+++ MATERIAL PROVIDED

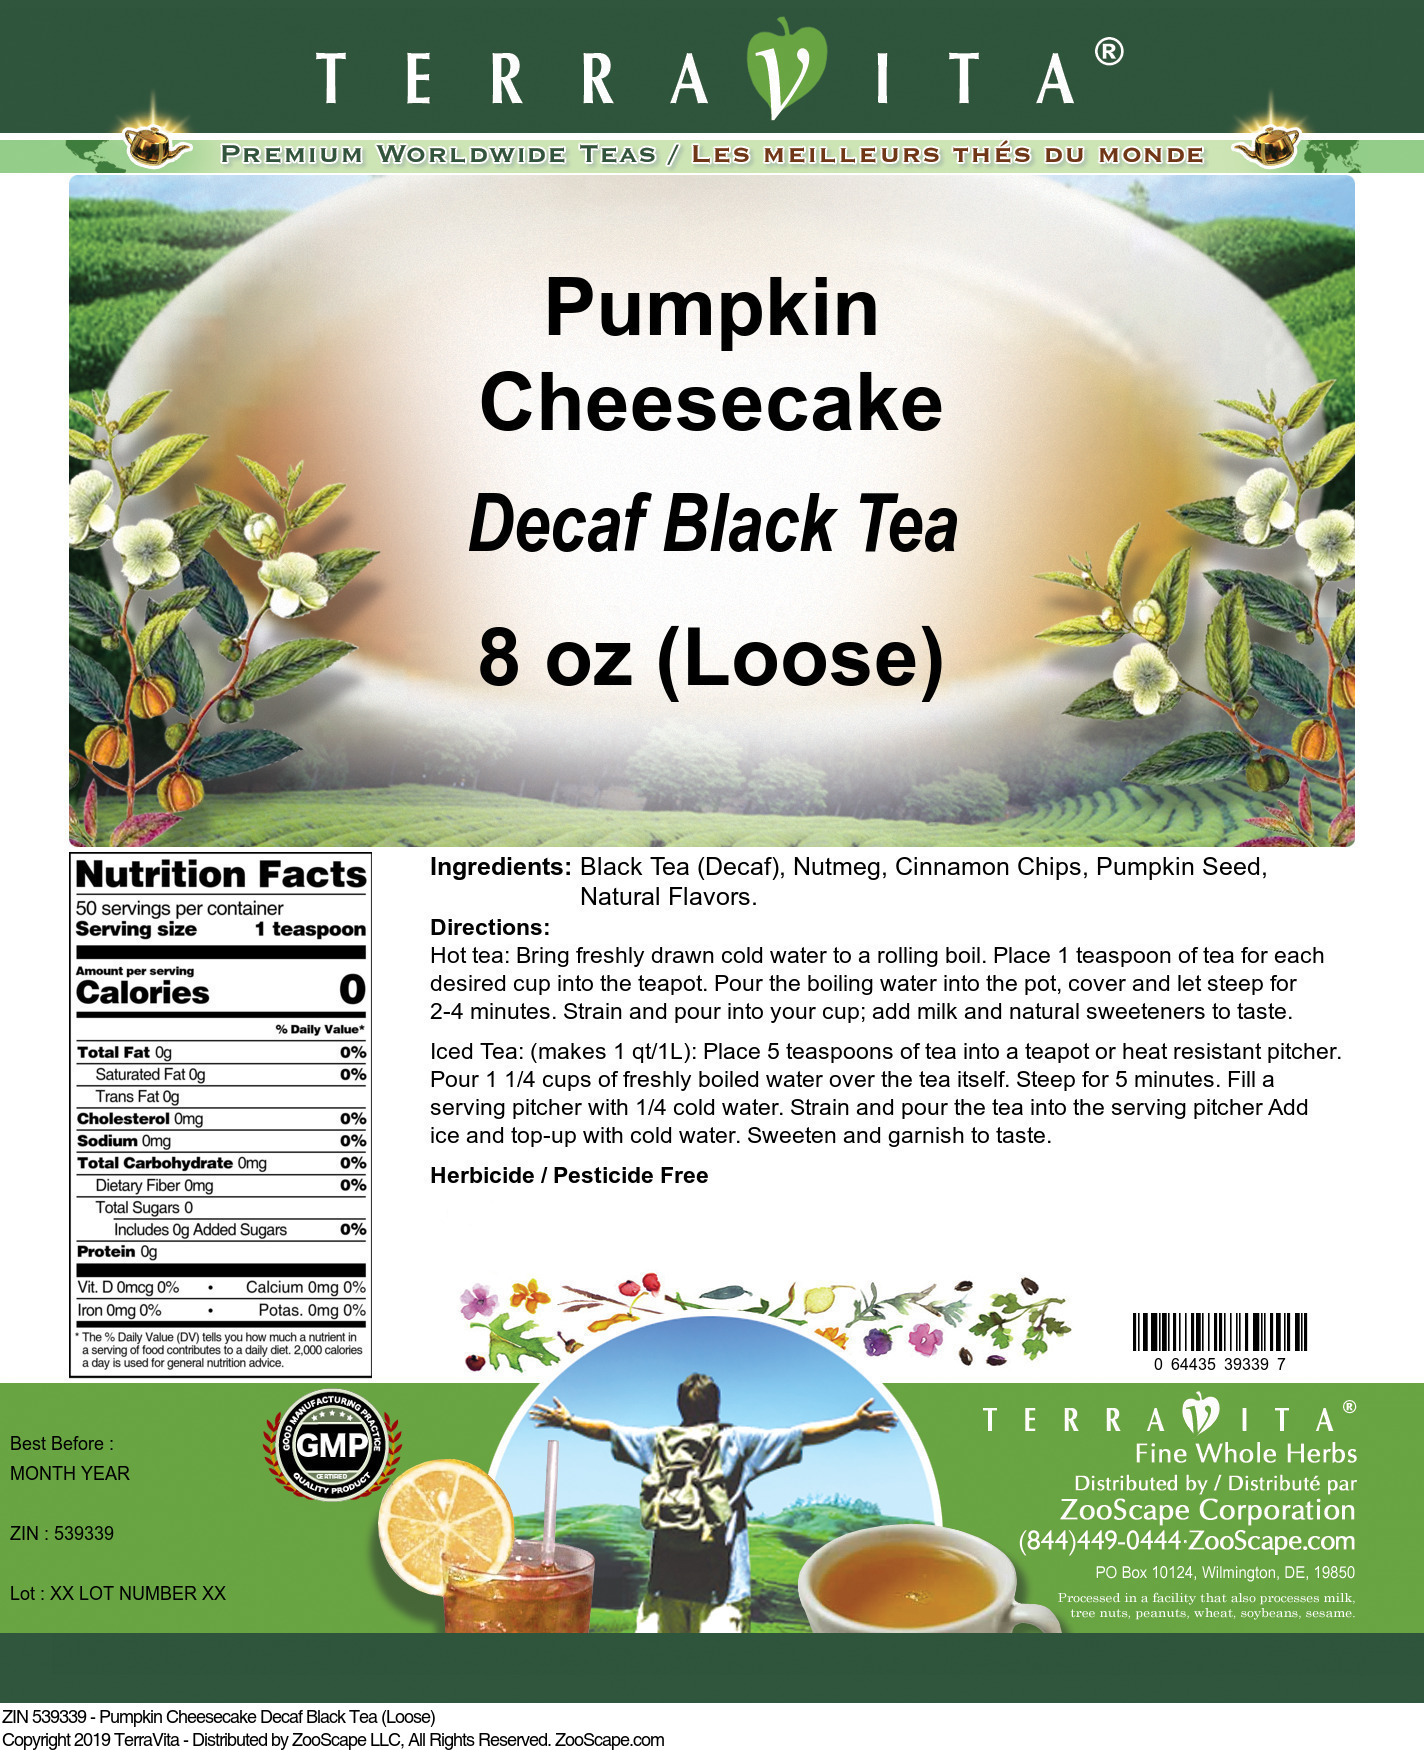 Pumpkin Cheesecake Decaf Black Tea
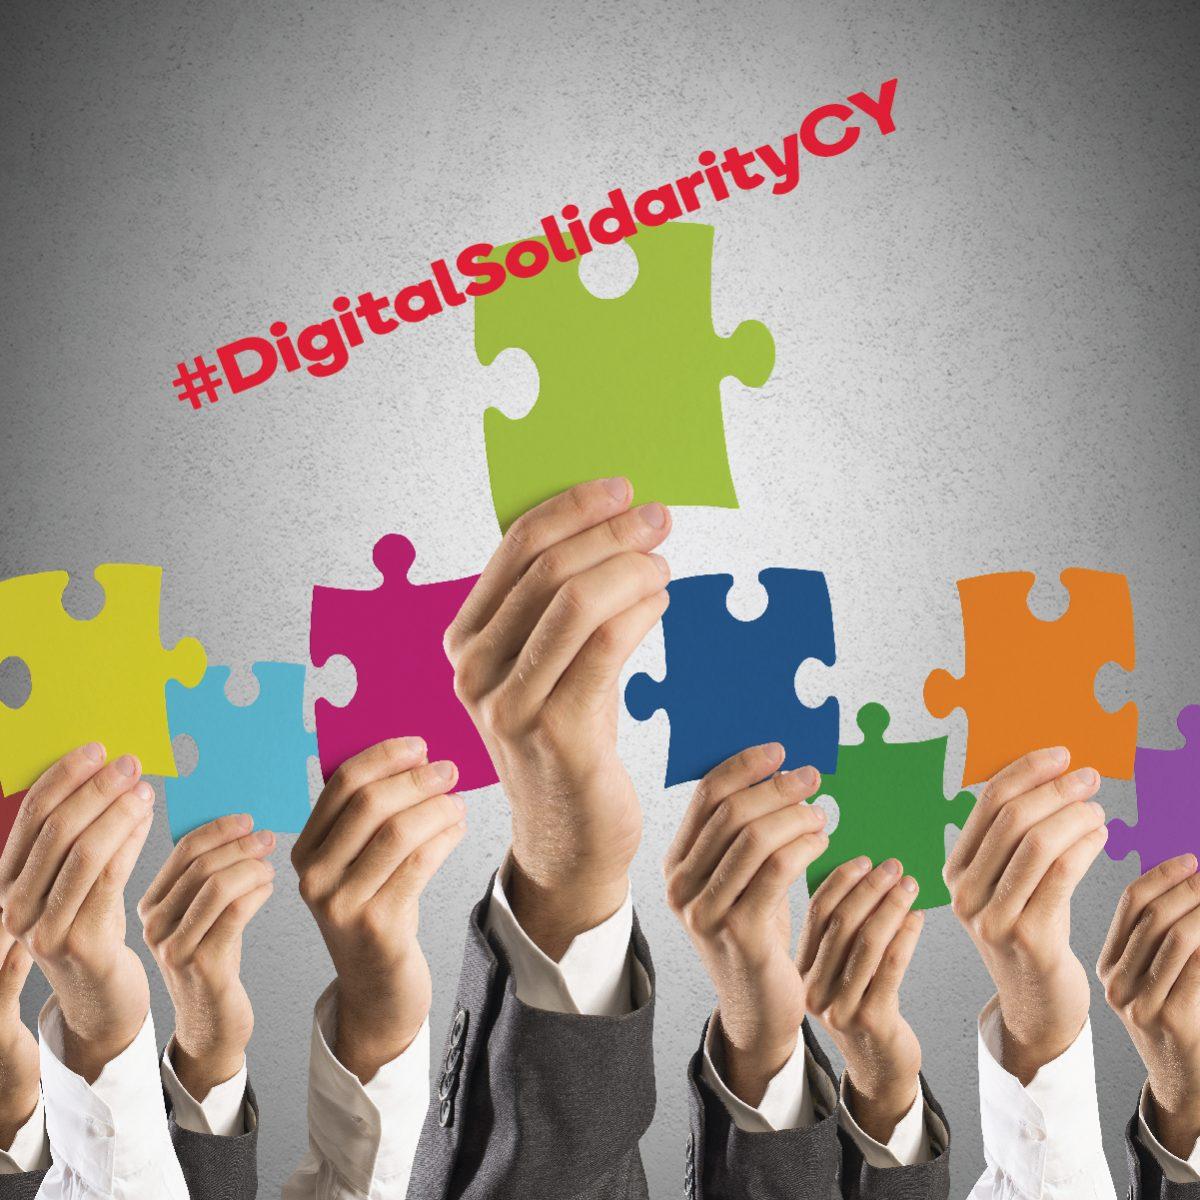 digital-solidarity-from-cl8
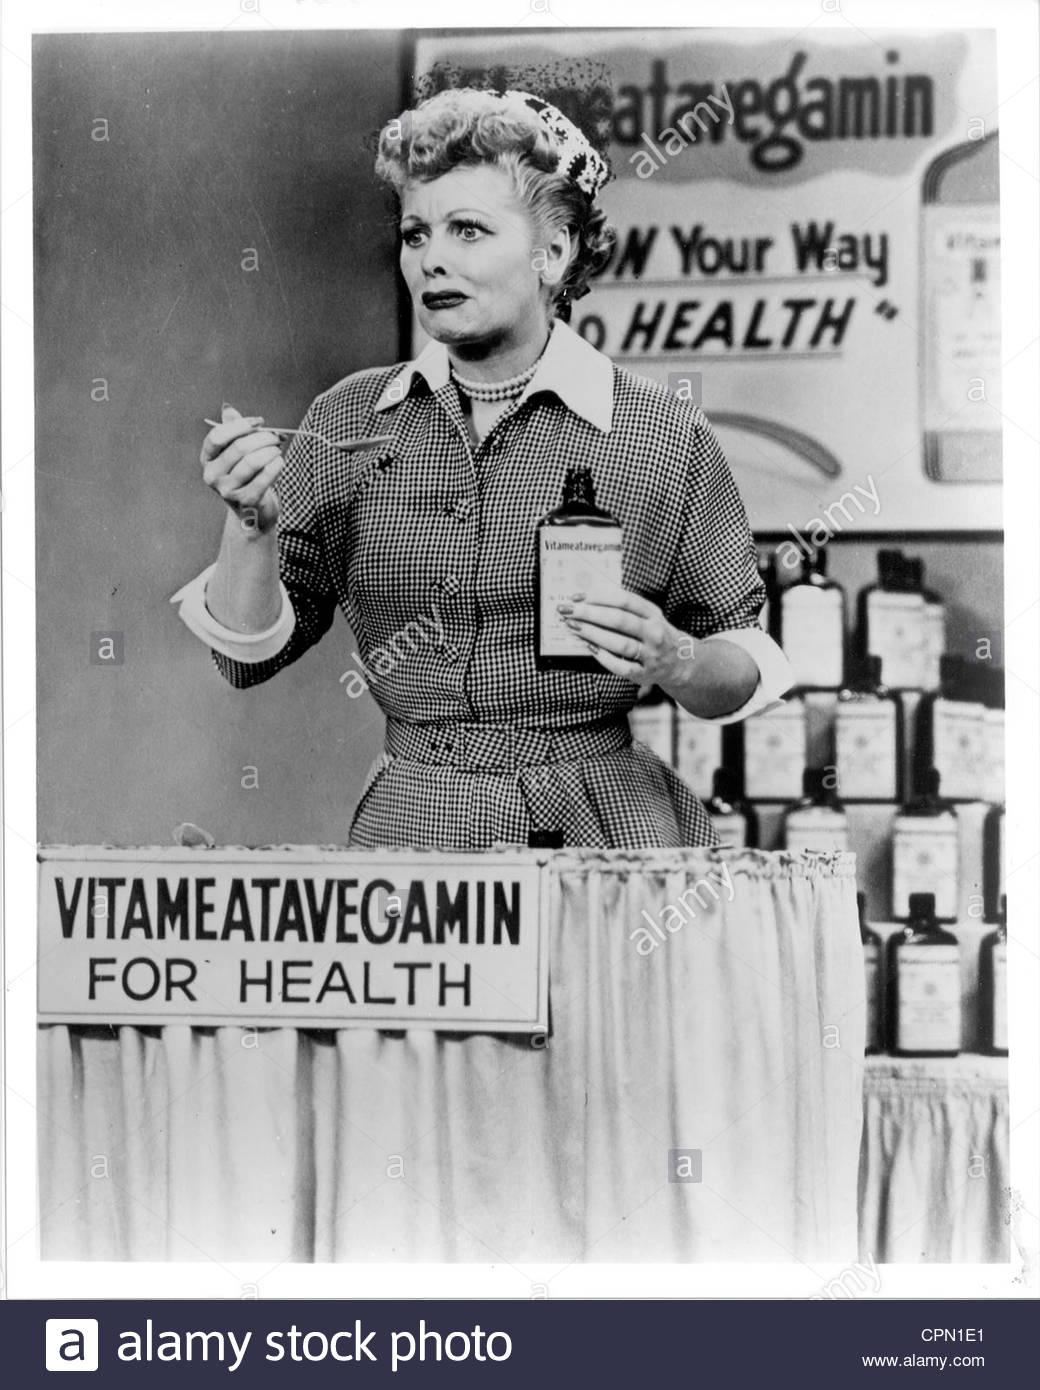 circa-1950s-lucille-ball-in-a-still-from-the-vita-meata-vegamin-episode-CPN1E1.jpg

++++++

Give back the full listing exactly, with pictures dropped.

 Pumpkin Cheesecake Decaf Black Tea
 digital-solidarity-from-cl8
 circa-1950s-lucille-ball-in-a-still-from-the-vita-meata-vegamin-episode-CPN1E1.jpg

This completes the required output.